2. Experimental section CdS quantum dots were prepared using the optimized methods of Weller et al. [9,10]. Briefly, Cd(ClO4)2.6H2O (0.02 M, 10 ml) and sodium hexametaphosphate (0.02 M, 10ml, Riedel de Ha¨en), were placed in 1 l of Milli-Q water and degassed with nitrogen for 20 min. The pH was adjusted to values between 8.1 and 9.8 according to the particle size required. Then H2S (4.5 ml) was injected by microsyringe. The vessel was shaken for 2 min and then stirred for 10 min until reaction was complete. The pH of the sol was then raised to 10.5 by dropwise addition of 1 M NaOH. Bandgap fluorescence was activated by gradual addition of 0.1 – 0.5 mM Cd(ClO4)2. Fluorescence spectra were obtained with a Hitachi F-4500 spectrofluorimeter using 2.5 nm slits, and UV-vis spectra with a Hitach U-2000 spectrophotometer. ITO glass was procured from Delta Technology Limited and had a surface resistance

of 100 V. To prepare films, the CdS colloid was first rotary evaporated to reduce the solution volume from 1 l to 100 ml. The CdS was applied by several techniques. Initially we spin coated the colloid solution, but found the films to be inhomogeneous, with thick rinds around the edge of the plates. We also tried using a cationic polymer technique pioneered by Fendler et al. [11] as a means to enhance adsorption.

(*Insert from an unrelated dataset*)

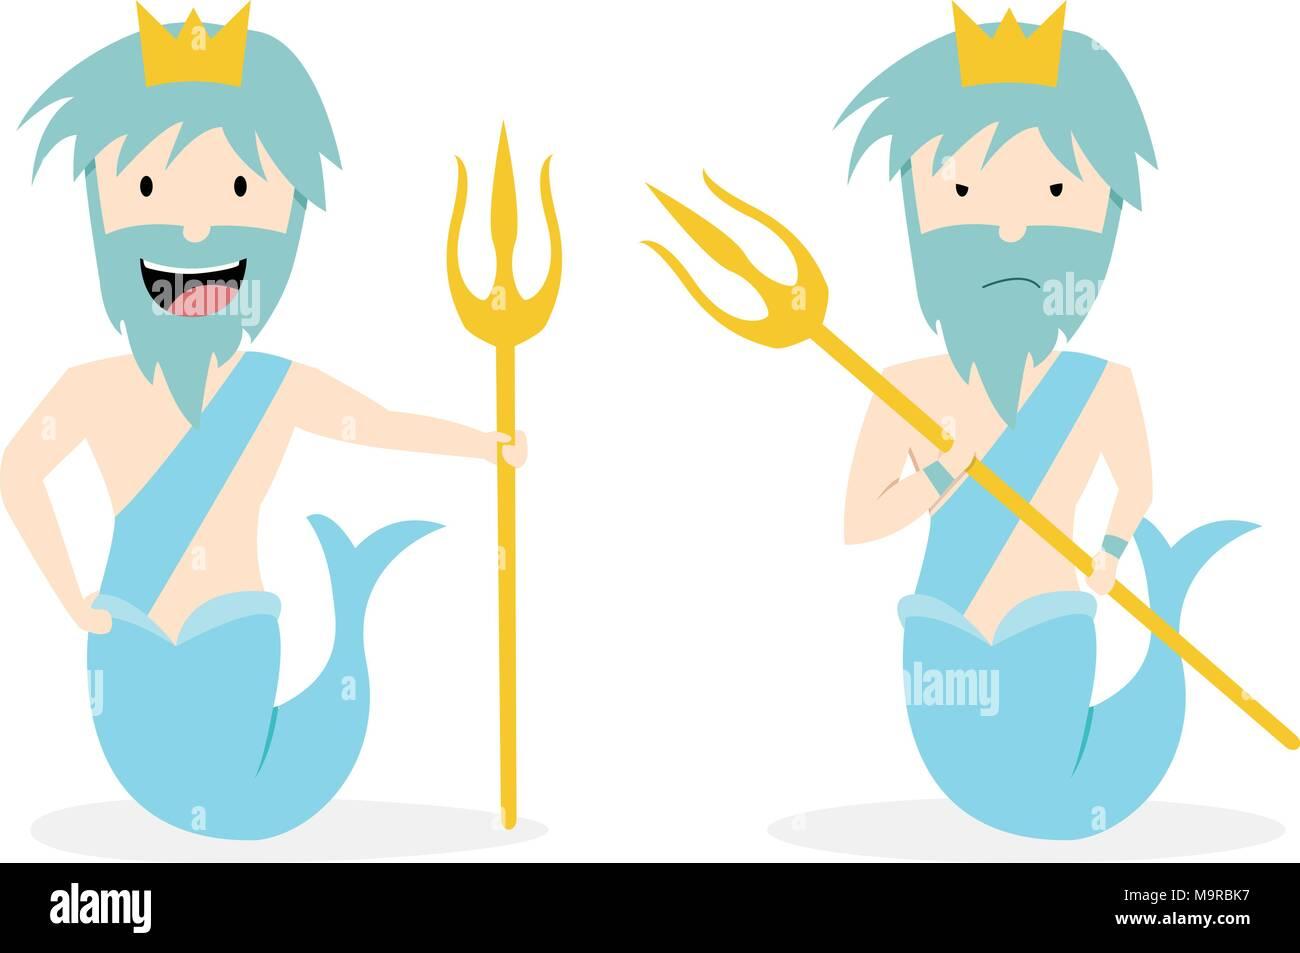 Poseidon god sea god stock photos poseidon god sea god stock poseidon god of the sea in flat vector art design stock image biocorpaavc Image collections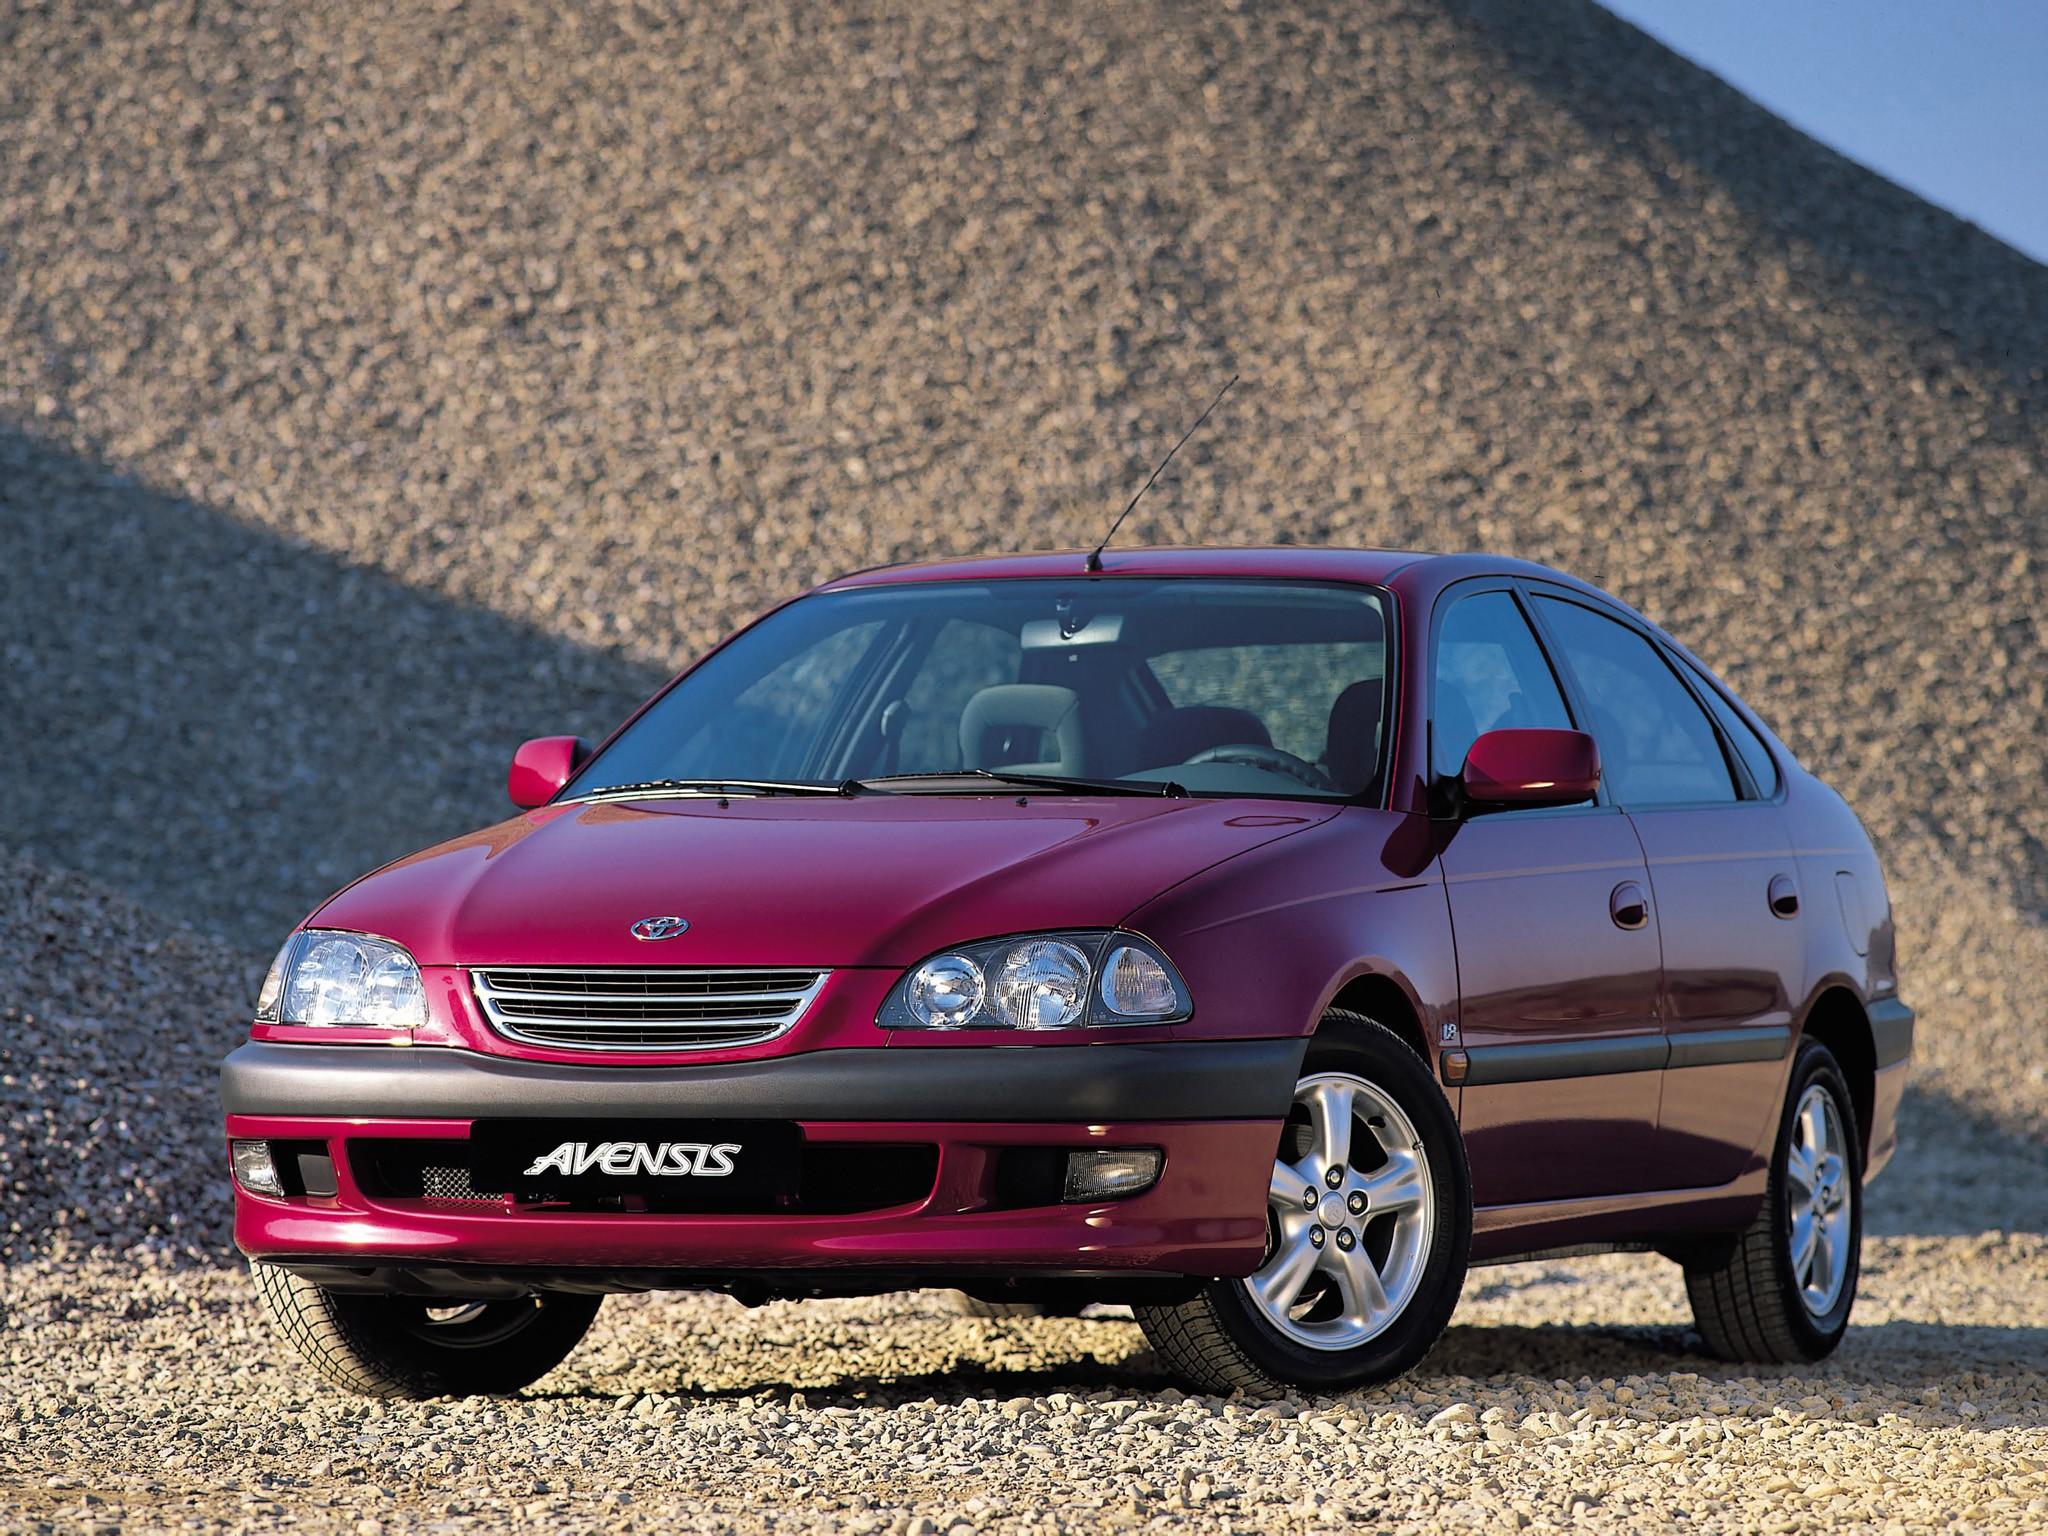 Toyota Avensis I 1997 - 2000 Hatchback 5 door #5

Eventually, we found satisfactory films could be prepared by accurately microsyringing 20 ml of sol onto the film, and air drying at 100°C for 10 min in a conventional oven. This process was repeated to form n-layer films. Electrical contact was made with a copper wire and conducting epoxy resin. The copper wire was placed inside a glass capillary to prevent direct contact between the copper and electrolyte. A cross section through a QDE is illustrated in Fig. 1. EEL measurements were made directly in the Hitachi fluorimeter. A small fluid cell with Suprasil quartz windows was placed in the fluorimeter, and a microreference electrode (Ag AgCl) and mini Pt flag counter electrode inserted. The ITO plate (1 cm2) was placed close to the window; the reference electrode was located about 1–2 mm to the side of the ITO plate to minimize the potential drop in solution. The electrolyte contained sodium persulfate and had a pH of 10.5 in most experiments, adjusted with NaOH. The electrochemical cell was controlled by a MacLab 4e controller and potentiostat [12]. The fluorescence output was recorded directly by the fluorimeter under constant potential conditions. The spectra were recorded at 20nm s − 1 from 450 to 800 nm, with an applied bias of − 2.5 V versus Ag AgCl.

Fig. 1. Cross section through a CdS QDE.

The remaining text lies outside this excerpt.